Hello. After taking a couple of month’s break from blogging to travel, celebrate a birthday and contemplate life in general, TIFFIN is back. And what better way to say ‘hi’ than with a boasting edition of In My Kitchen? I’m thrilled to say that IMK is being hosted by my fellow Brisbane blogging friend Sherry from Sherry’s Pickings.

I’ve actually been on two holidays over the past few months and have plenty to show but let’s just confine ourselves to one holiday this time around, shall we? 

In my May kitchen…

a bottle of sriracha tabasco sauce

…there is Sriracha Tabasco. I have a slight obsession with hot sauce, to the point that it’s unlikely we could ever consume what we have in the cupboard. So, I have stopped buying. My obsession is mild but Louisiana’s obsession is not. You can’t go anywhere without seeing a huge selection of hot sauce bottles on the table, on the breakfast buffet, at the ice cream stand. Then there’s the hot sauce shops. Click through to see the variety on offer.

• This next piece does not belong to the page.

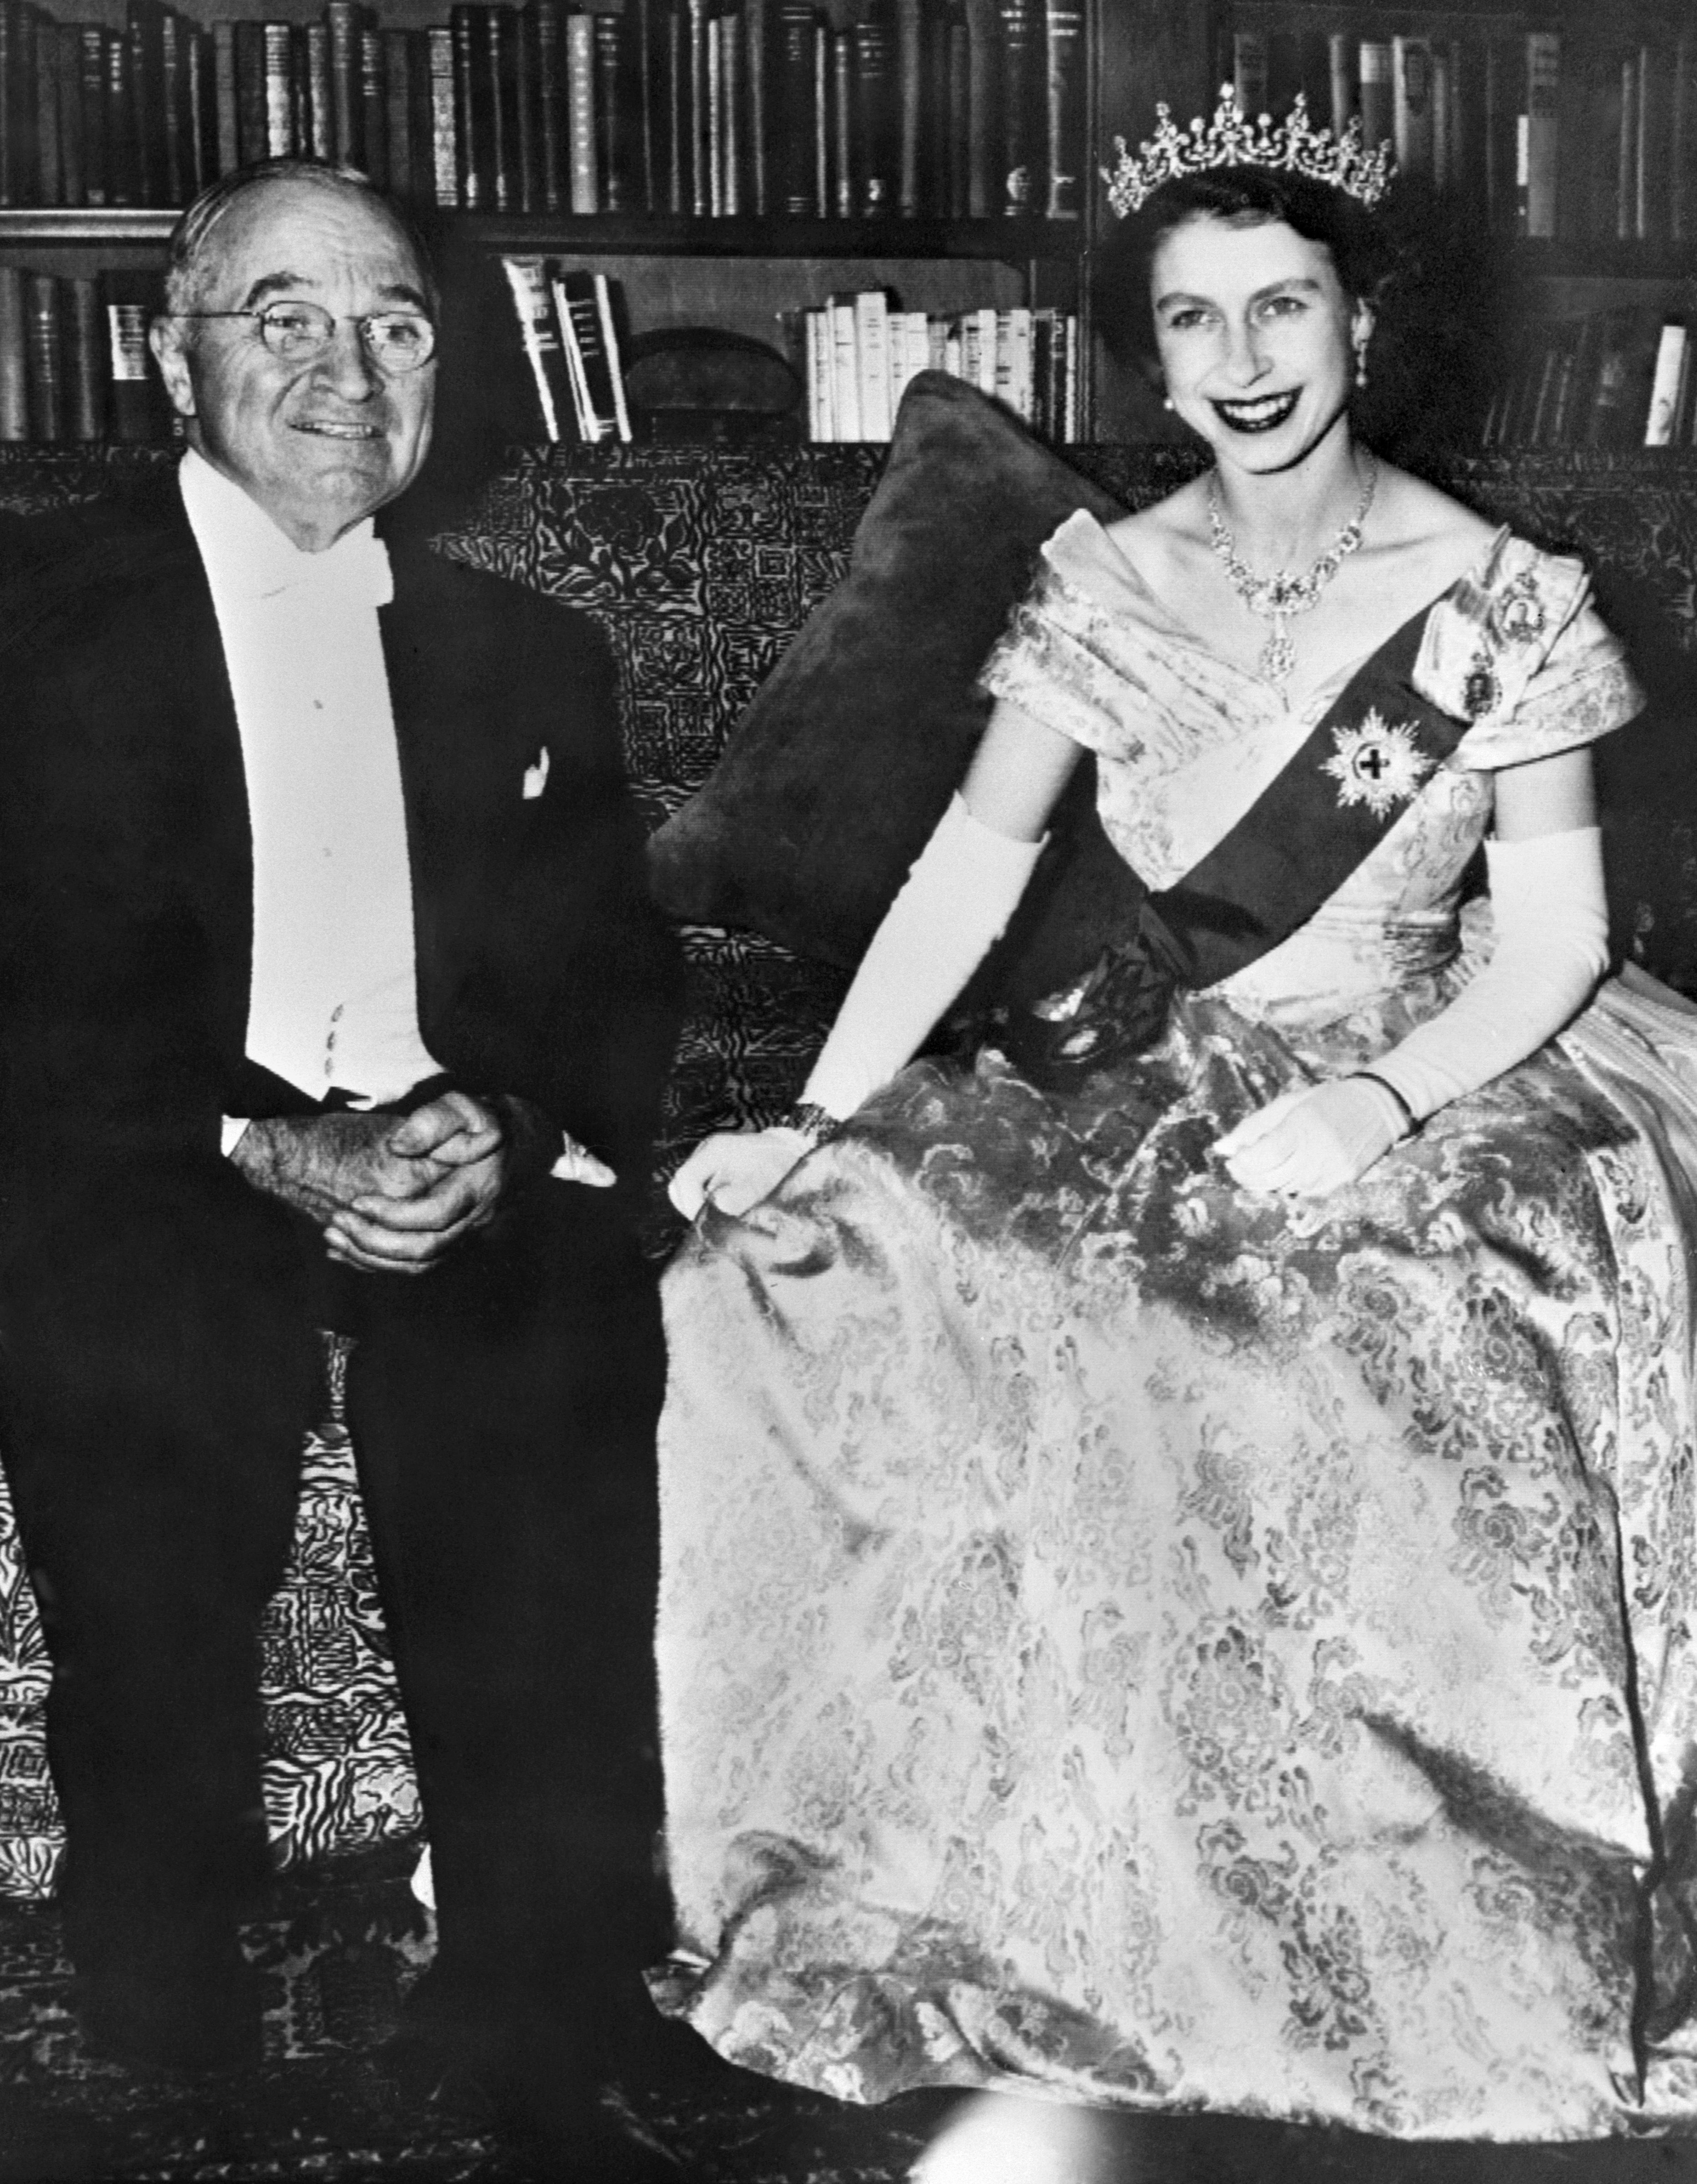 Then-Princess Elizabeth poses for a photo sitting next to American President Harry Truman in 1951

I finally cracked though when I had the chance to buy the most famous hot sauce of them all, making a version of the second most famous hot sauce of them all. I may have also grabbed a handful of hot sauce packets one morning. Just in case…

Here’s my new pot holder.

pot holder with tabasco sauce logo

 

In my kitchen…

preserving jars and equipment including ball mason spice jars

…are preserving supplies. That are unbelievably cheap in the US so I always check out the preserving section in Walmart to see what’s on offer. What was on offer were these cute dry herb jars. They are the normal small preserving jars with a plastic lid on top. I would have preferred to just buy the lids but the 4 jars were less than $5 so I succumbed to the impulse buy. I also bought a couple of boxes of pectin as I like to lug my groceries all the way from the US rather than the corner shop…

 

In my kitchen…

mexican hot chocolate and a wooden molinillo for mixing

…is Mexican chocolate and a Molinillo from Oaxaca City. Mexican hot chocolate is made by melting whole chocolate into milk. After the chocolate has melted, it is transferred to a jug and frothed using the molinillo. As you know, chocolate originated in Mexico where it was revered by the Aztecs over 4000 years ago. The word ‘chocolate’ is a corruption of the Nahuatl word chocolātl. It was of course those new world conquerors, the Spanish, who introduced chocolate to the rest of the world. It’s no coincidence that the basic hot chocolate of both modern Mexico and Spain tastes very similar and quite very different from hot chocolate I’ve tried elsewhere in the world. They may be a long way apart in distance but are forever linked in their culture and histories. The drink is dark, still slightly bitter and quite velvety. I look forward to giving my molinillo a whirl, now that the weather is cooler.

 

In my kitchen…

baking supplies including biscuit mix and sugar decorations

…are baking supplies. Well, ‘baking’ may be a bit of a stretch so let’s just say I found them in the baking section. The cake cases and sugary balls were fripperies that took my fancy. I cannot resist Red Lobster Cheddar Bay Biscuits so despite myself, I brought home a packet mix. I recall the last time I brought a box of these back, Maureen from The Orgasmic Chef and I had a discussion about Red Lobster and her son’s career there, from oyster shucker to regional manager. These will be great with a bowl of soup on a cool day. Did someone say chowder? Whilst I make my own cornbread, I couldn’t resist the cute packaging of Martha White. At 99c why bother resisting? I use it with my corn bread pans for a fun accompaniment to brunch. Visit this post to see a picture of the corn bread pans and read about my quest for them.

 

In my kitchen…

a pile of books with a food theme

…are new food themed books. Did I ever tell you about the time I went to ‘Half Price Books’ in Austin? Never has there been a more wonderfully named book shop. I bought a lot of books. A LOT. So much so that we needed to buy a new suitcase. I’m not complaining though. Here’s a selection. My favourite cookbook of all time is by Madhur Jafferey. The thing I love the most about it are her stories of growing up in India, so I know I will love her memoir. The Big Oyster by David Kurlansky was marvelous and I have wanted Cod for a very long time. I wished I had seen his other book, Salt. The Language of Baklava is about a good Lebanese girl growing up in NYC in the 1950’s and Mainstays of Maine is an unknown quantity, published in 1947. David Sedaris – well, say no more.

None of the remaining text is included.